El overtraining syndrome o chronic fatigue se presents as a decreased sports performance, but also it is associated with various physiological and psychological manifestationss that you can attend before reaching it:
1st-Increase in heart rate at rest and during exercise.
Evaluate the resting heart rate can be a good indicator fatigue control.
Likewise, having a record of the heart rate at each intensity of the training will allow us to control variations in an objective way.
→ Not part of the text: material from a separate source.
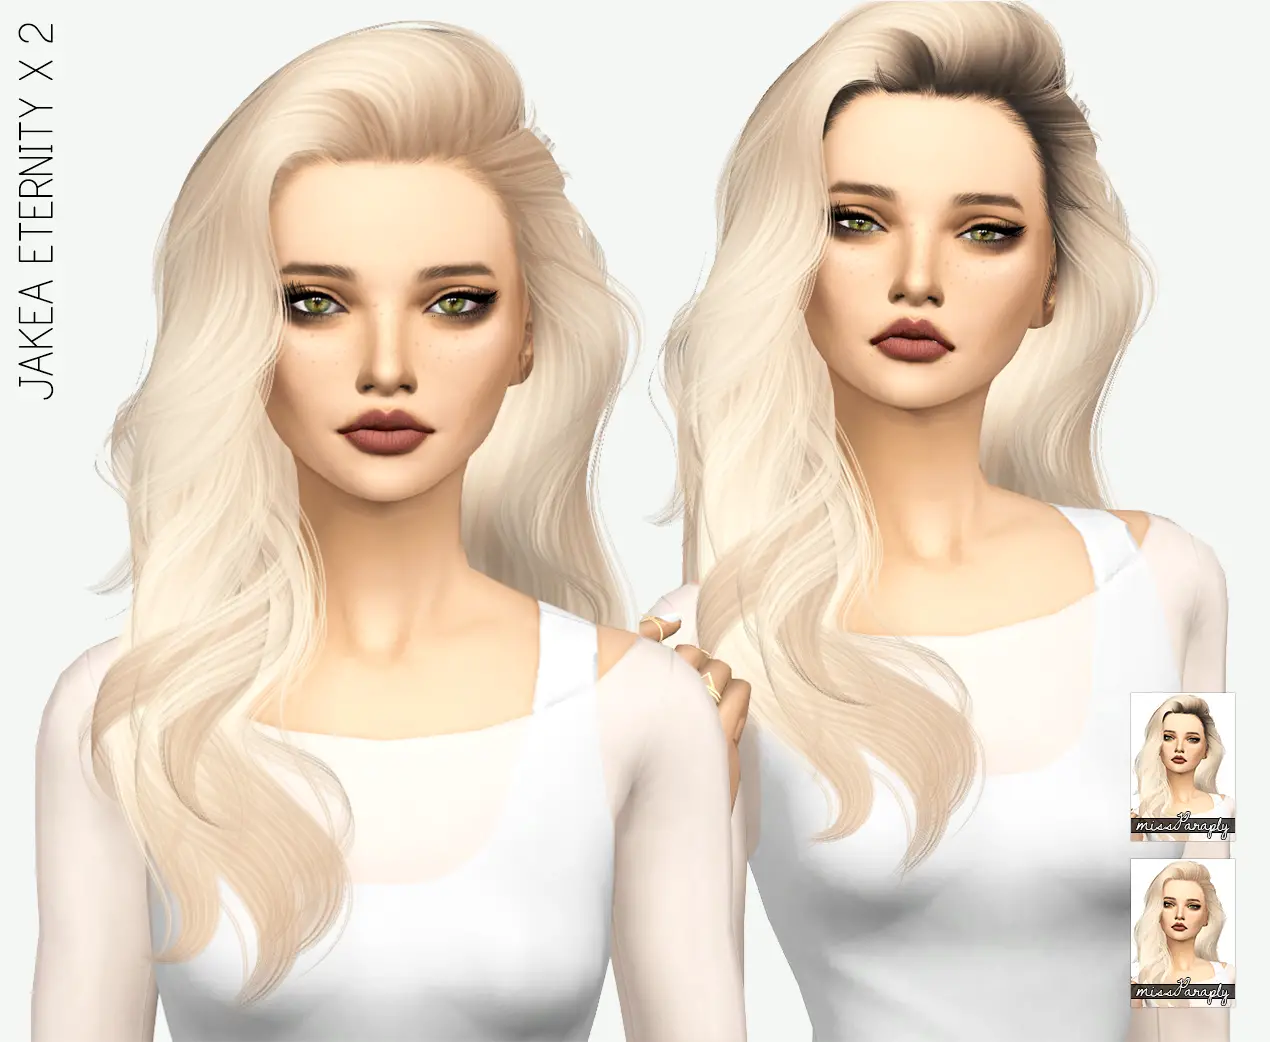 Sims 4 Female Hair Cc Sims 4 Hairs Miss Paraply Jakea Eternity Hair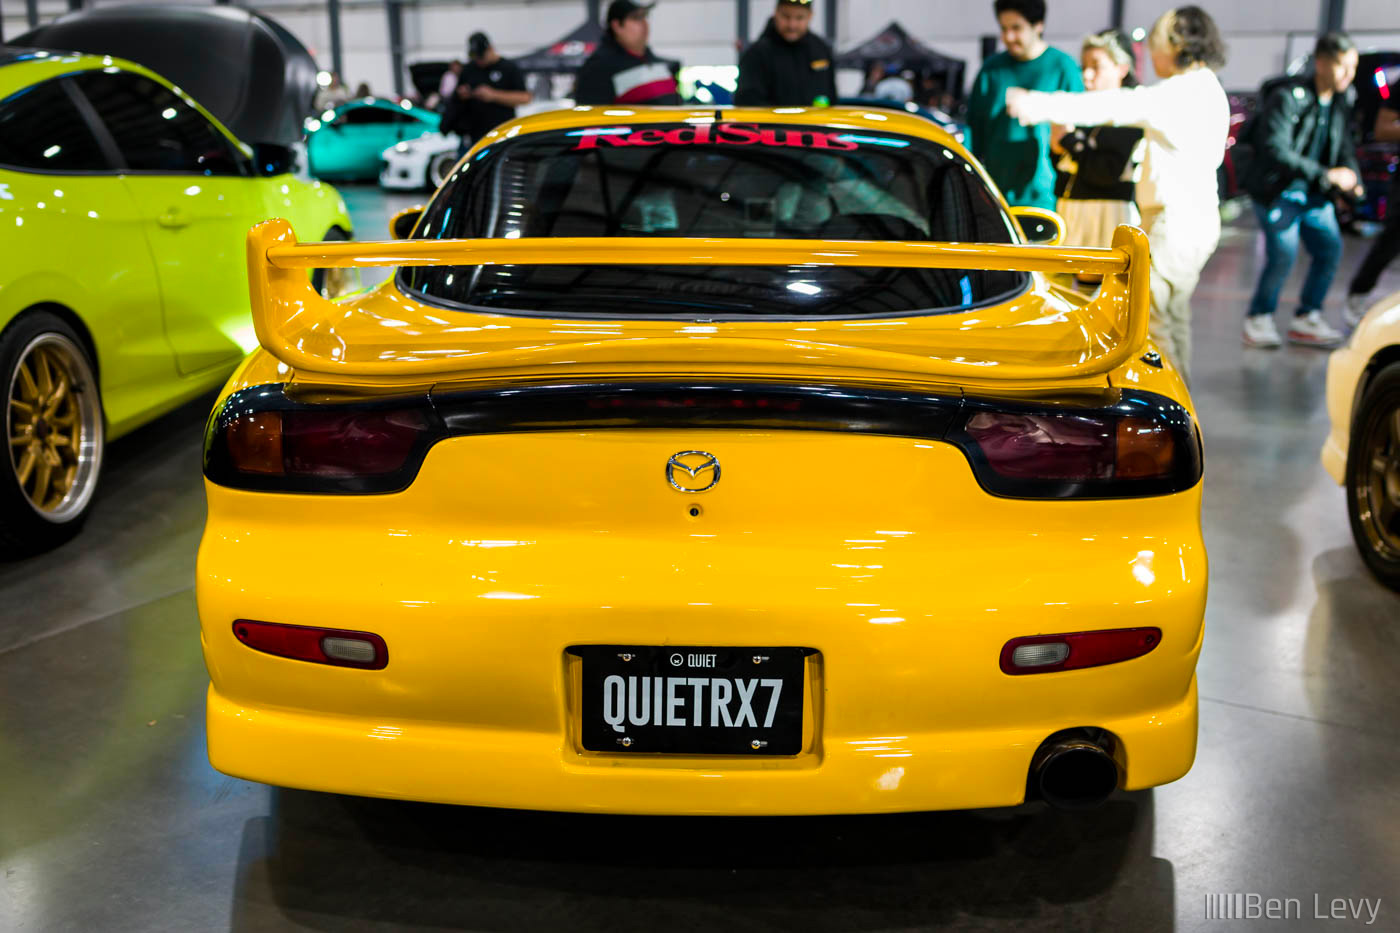 QUIETRX7, Rear of Yellow Mazda RX-7

In the hours of sleep the athlete can't get rest, have a restful sleep and therefore recover from the fatigue of training.
3rd-Alterations in appetite.
Normally related to decrease of the same that can lead to loss of body weight.
4th-Delay in recovery after exercise.
Increased recovery time required after the training sessions compared to other similar moments of loading in the season.
La loss of motivation and desire will be reflected in the athlete's attitude compared to training and more pronounced at times of greater demand (competition).
6th-Increased irritability and emotional lability.
Increased bad mood and constant disgusteo constant and uncontrolled changes in the expression of emotions (crying, laughing) are also related to chronic fatigue states.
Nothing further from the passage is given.